Personal information
- Nationality: French
- Born: 31 March 2000 (age 26) Montélimar, France

Sport
- Sport: Para-cycling
- Disability class: H3

Medal record
Representing France
Women's para-cycling
Road World Championships
| Silver medal – second place | 2025 Ronse | Time trial H3 |
| Silver medal – second place | 2025 Ronse | Road race H3 |
| Bronze medal – third place | 2023 Glasgow | Time trial H3 |
| Bronze medal – third place | 2023 Glasgow | Road race H3 |
| Bronze medal – third place | 2024 Zurich | Time trial H3 |
| Bronze medal – third place | 2024 Zurich | Road race H3 |
European Championships
| Gold medal – first place | 2023 Rotterdam | Mixed team relay H1–5 |
| Bronze medal – third place | 2023 Rotterdam | Time trial H3 |

= Anaïs Vincent =

French para-cyclist (born 2000)

Anaïs Vincent (born 31 March 2000) is a French Para-cyclist. She represented France at the 2024 Summer Paralympics.

==Career==
Wibmer made her international debut for France in August 2023 at the 2023 UCI Para-cycling Road World Championships and won bronze medals in the road race and time trial H3 events. Weeks later she then competed at the 2023 European Para Championships in cycling and won a gold medal in the mixed team relay H1–5, along with Johan Quaile, and Joseph Fritsch, and a bronze medal in the time trial H3 event.

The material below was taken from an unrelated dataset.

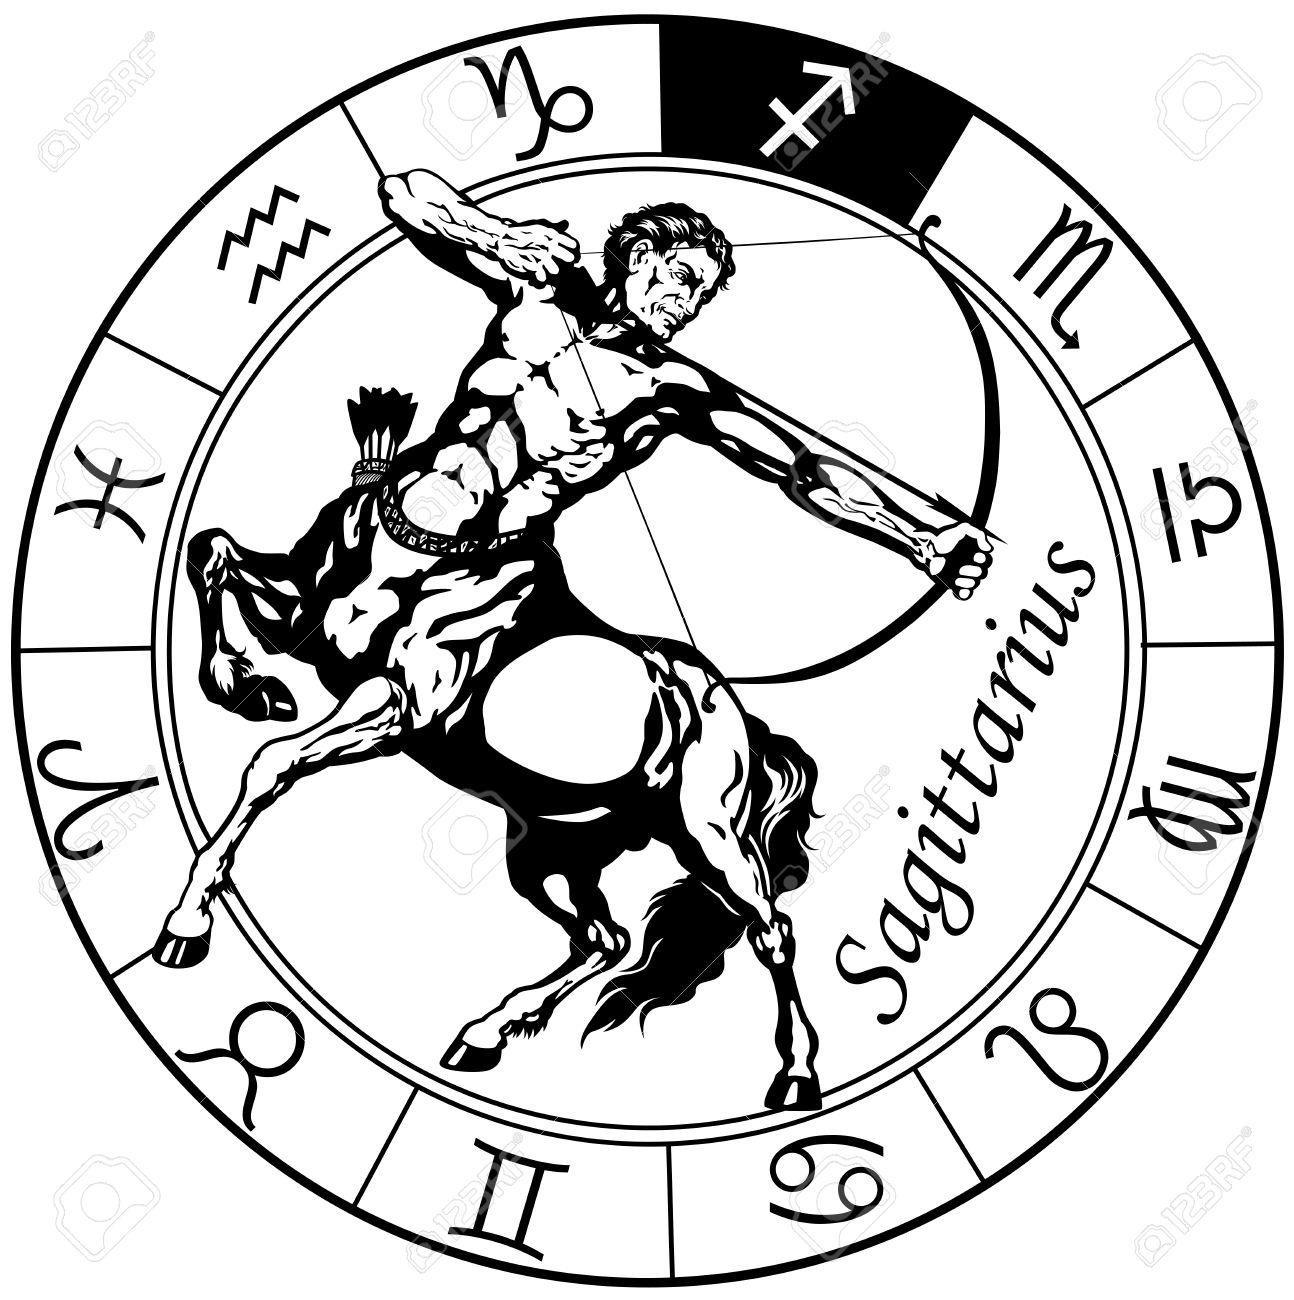 Sagittarius the centaur archer astrological zodiac sign black sagittarius the centaur archer astrological zodiac sign black and white isolated image stock vector biocorpaavc

In September 2024, Wibmer represented France at the 2024 Summer Paralympics and finished in fifth place in both the road race H1–4 and time trial H1–3 events. Weeks later, she then competed at the 2024 UCI Para-cycling Road World Championships and won a bronze medal in the time trial H3 event.

==Personal life==
On 6 March 2021, Vincent was pursuing a STAPS (Sciences and Techniques of Physical and Sports Activities) degree to become a teacher when she was involved in a cliff climbing accident near Lake Bourget. She fell 20 meters and landed on her back, damaging her C2 vertebrae and became a quadriplegic.